CINCINNATI -- Josu Currais began learning English four years ago when he started his professional soccer career in Finland.
The FC Cincinnati midfielder and former FC Barcelona academy player figured English could help him better communicate with teammates wherever he went.
RELATED: What makes Josu a special player?
Even in Cincinnati, Currais is able to speak his native Spanish with some of his teammates who share a knowledge of the language, but Monday, FC Cincinnati might be looking to him to help understand what the opponent is saying on the pitch.
Spanish La Liga’s Valencia CF comes to Nippert Stadium for an international friendly, bringing the challenges of a unique, technically superior style of possession play and likely a few communication barriers.
“It’s a little bit hard when you’re not able to speak (with teammates or an opponent), but once you are on the pitch, it’s just football,” said Currais, who almost signed with Valencia before electing instead to stay closer to home with FC Barcelona’s youth academy.
FC Cincinnati coach Alan Koch remembers how strange it was the first time he played an opponent that spoke a different language, but said his players have been around enough foreign players and teams -- and many of them are foreigners themselves -- to know how to handle it.
The most important thing, he said, is being able to understand your own teammates.
“You may not understand a word (the opponents) are saying but you just go with it,” Koch said. “It's part of the game and you focus on what you can control.
“In sports, you don't have to speak a verbal language.
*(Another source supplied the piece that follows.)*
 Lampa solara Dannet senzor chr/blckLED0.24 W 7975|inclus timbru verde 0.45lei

It's a language that's spoken on the field. We have players on our team that have varying abilities of English too. Thankfully everyone in our group does speak a decent amount of English so we can all communicate and make sure we're all on the same page, but when you play a team, it doesn't really matter what language they are speaking.”
The game might not change because of a potential lack of communication between the two teams Monday, but FC Cincinnati midfielder Kenney Walker said there are advantages to being able to understand an opponent.
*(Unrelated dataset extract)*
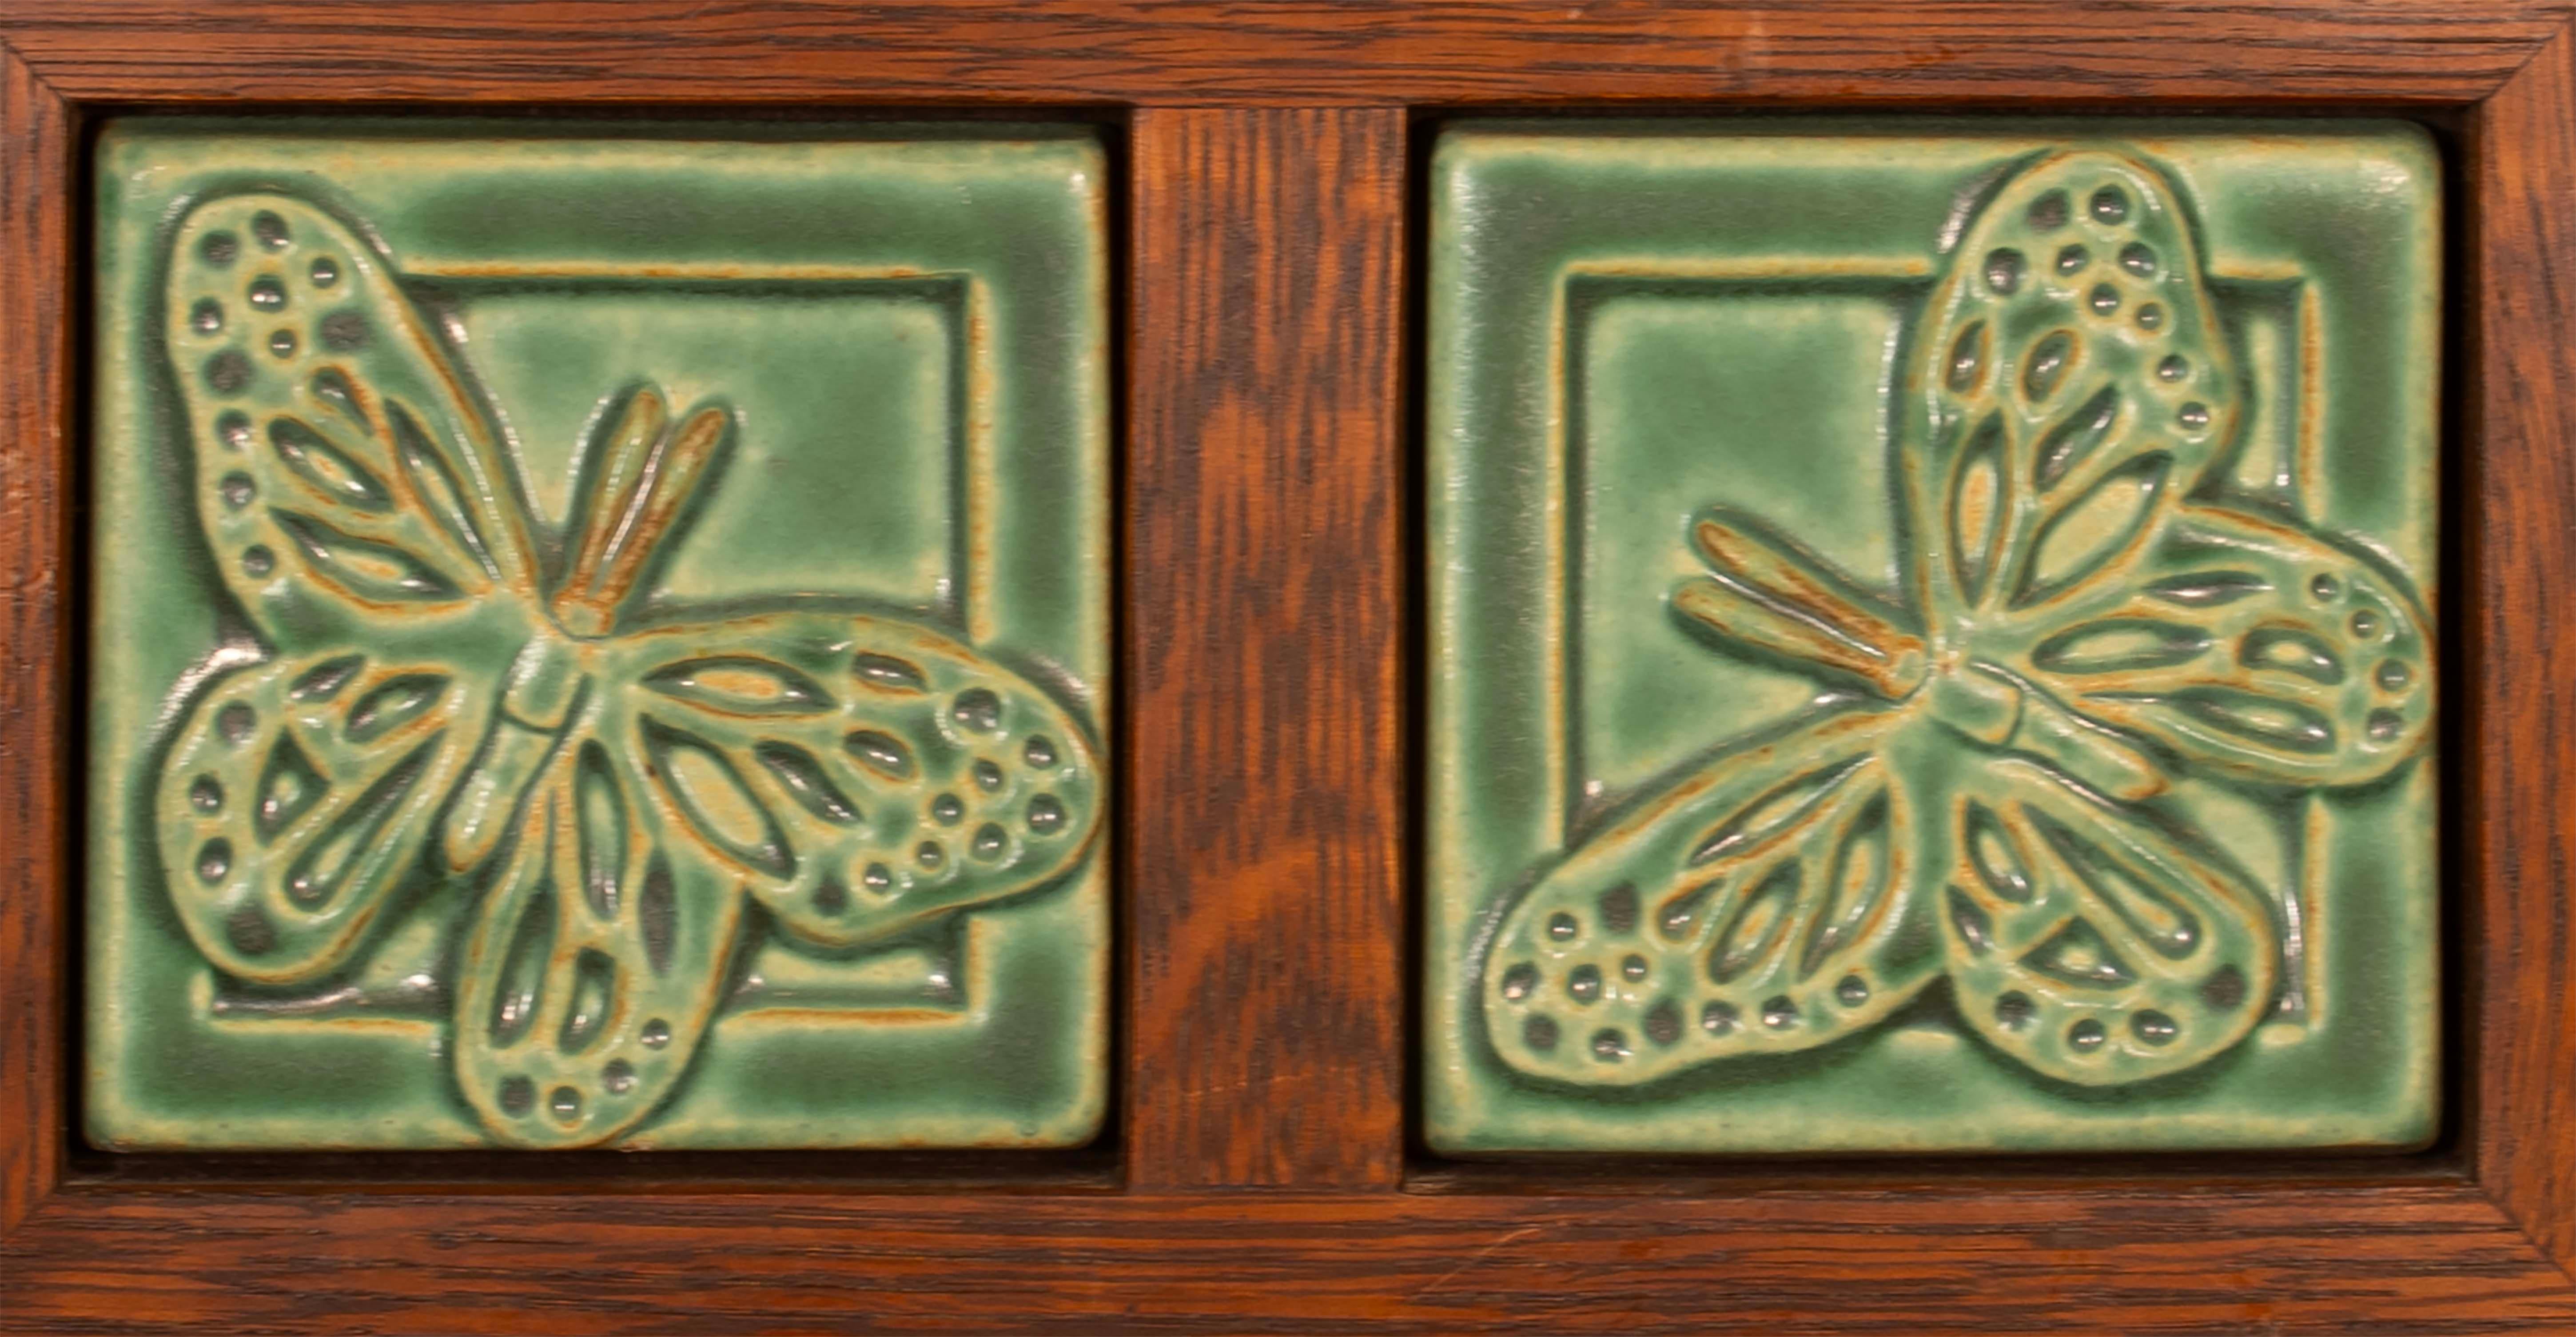 Ajoutez une touche de charme à votre maison avec ces carreaux de papillon Pewabic Detroit encadrés et magnifiquement travaillés. Les carreaux carrés présentent une couleur verte étonnante qui égayera n'importe quel espace. Une pièce simple mais

When there is a language barrier, it just makes it more difficult to anticipate what the opponent is doing.
“When you're playing USL games or Open Cup, we're playing a lot of other guys from the U.S., you can pick up on what they're saying or sometimes you might here part of a conversation about what they want to do,” Walker said. “Obviously, if they're speaking Spanish other guys might be able to relay that to us, but it's going to be kind of learning on the fly or figuring out how they are playing by just going out there and playing. It's the beautiful part of the game where you have to figure out what the other team is doing all on the field and not by listening to what you're hearing on the field.”
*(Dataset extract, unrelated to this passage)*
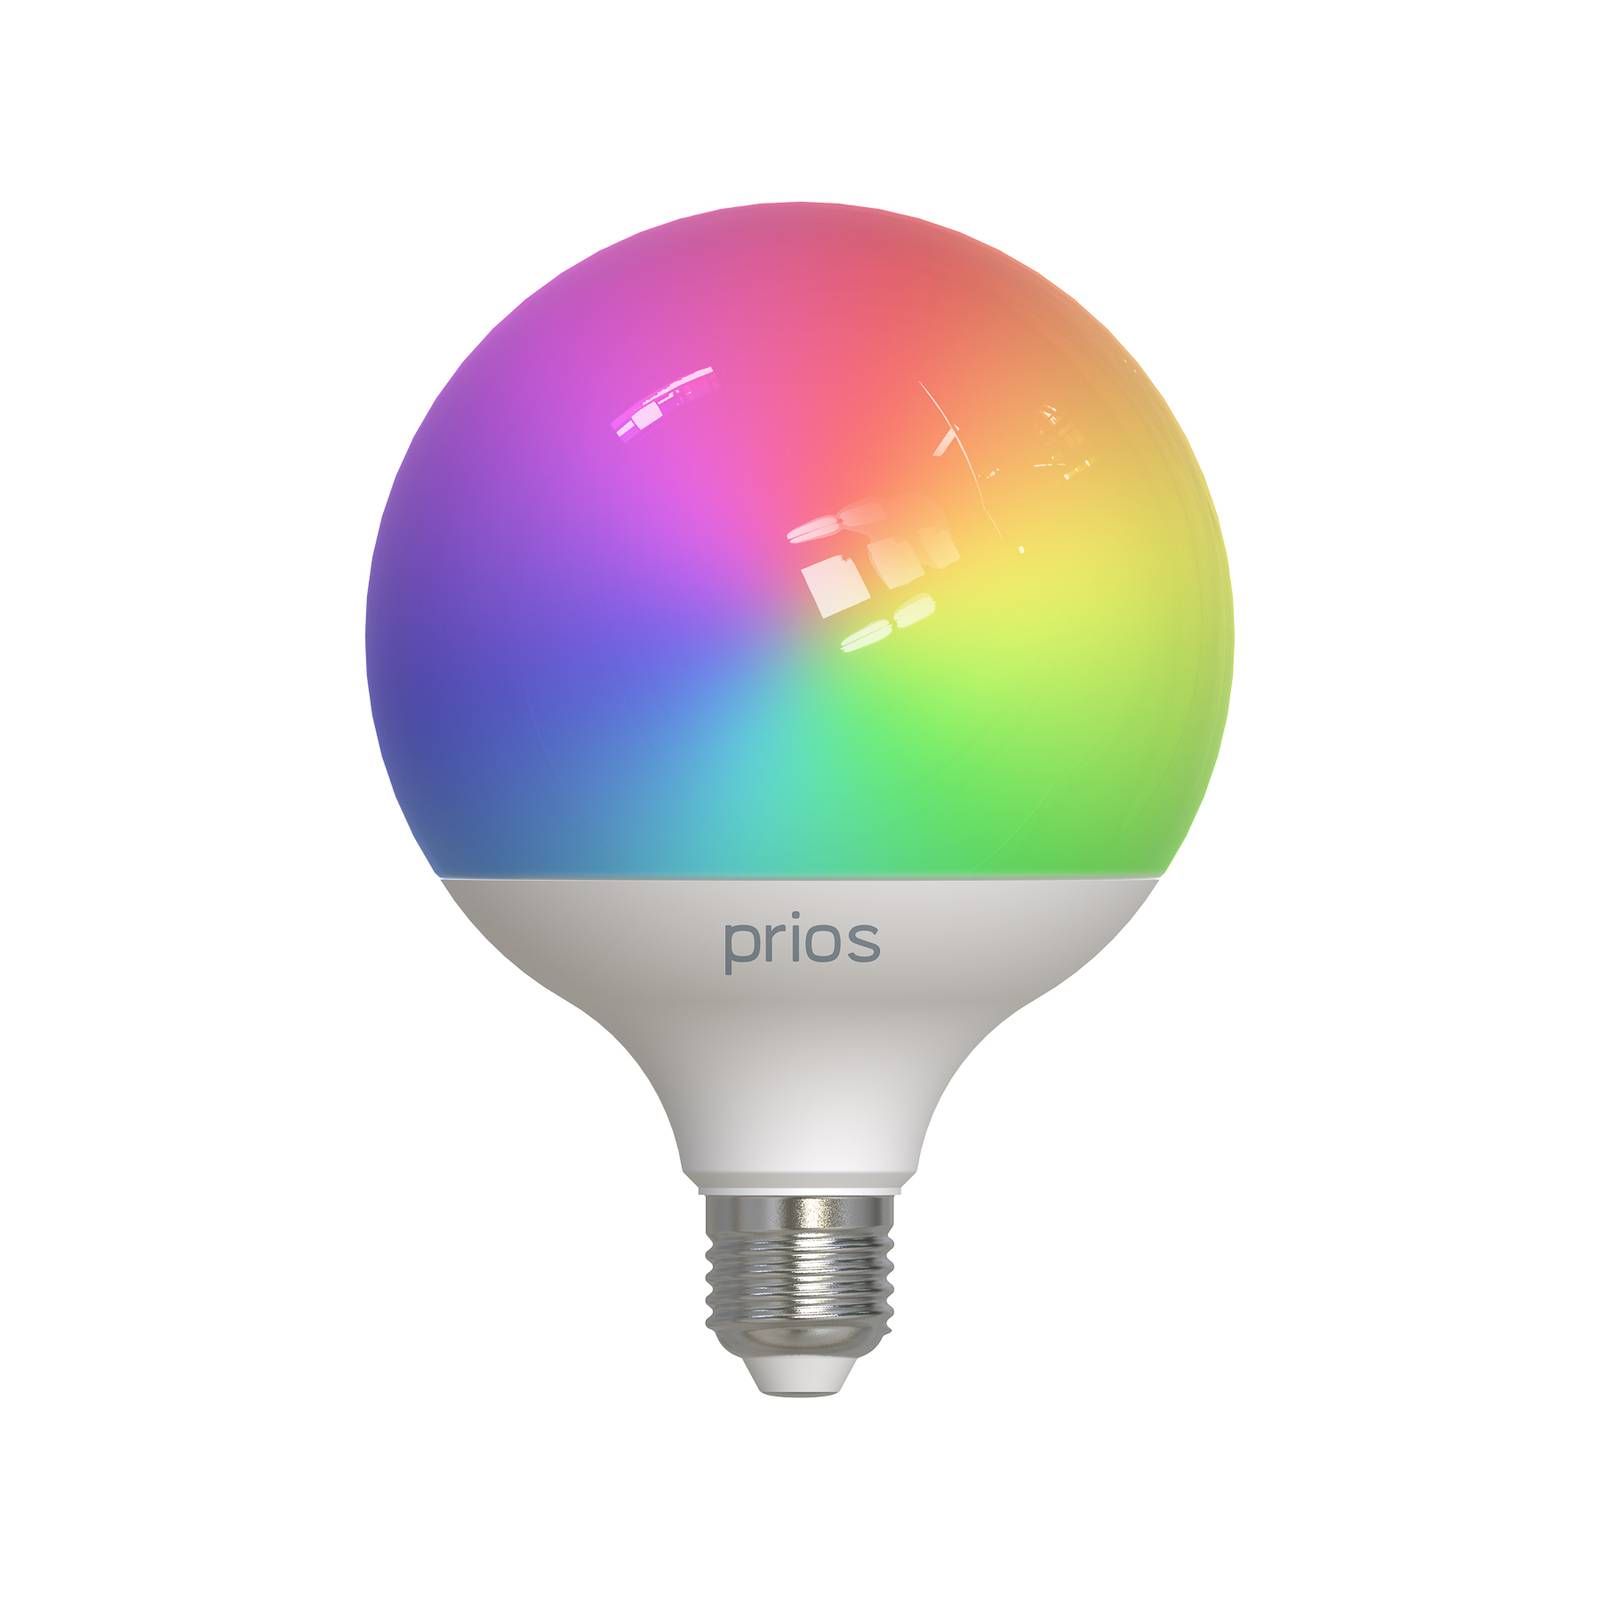 PRIOS Smart LED E27 G125 9W RGB WLAN matná tunable white, plast, hliník, E27, 9W, Energialuokka: F, P: 15.7 cm

Walker said the language barrier will be more difficult for Valencia.
He played a team in Mexico during his time with the Los Angeles Galaxy, where he began his career in 2012, and remembered how much more hostile the environment felt not being able to understand anyone.
“Going down there, when they are chanting in Spanish, all the players are speaking Spanish, the refs are speaking Spanish, you're only out there playing with your teammates and you can't understand anything,” Walker said. “It's just going out there, figuring it out and finding ways to win.”
It likely won’t feel that way for everyone on Valencia’s squad. Though the roster is made up mainly of Spaniards, some players might also speak English.
And Currais isn’t the only player on FC Cincinnati’s squad that speaks Spanish. Marco Dominguez is from Montreal but Spanish is his family’s first language, and others at least know bits and pieces of Spanish. Reserve midfielder Eric Stevenson made it his New Year’s resolution to learn Spanish and practices sometimes with Currais.
“It's a little weird because you're hearing a different language being spoken on the other side, but you don't really think about it,” Stevenson said of his experience playing against opponents that speak a different language. “At this point, we're all used to it because half our team is foreign. You hear, in our locker room, French, Spanish, English all the time. They've probably got guys I'm sure that Spanish is not their first language. It will just make things a little more interesting I guess.”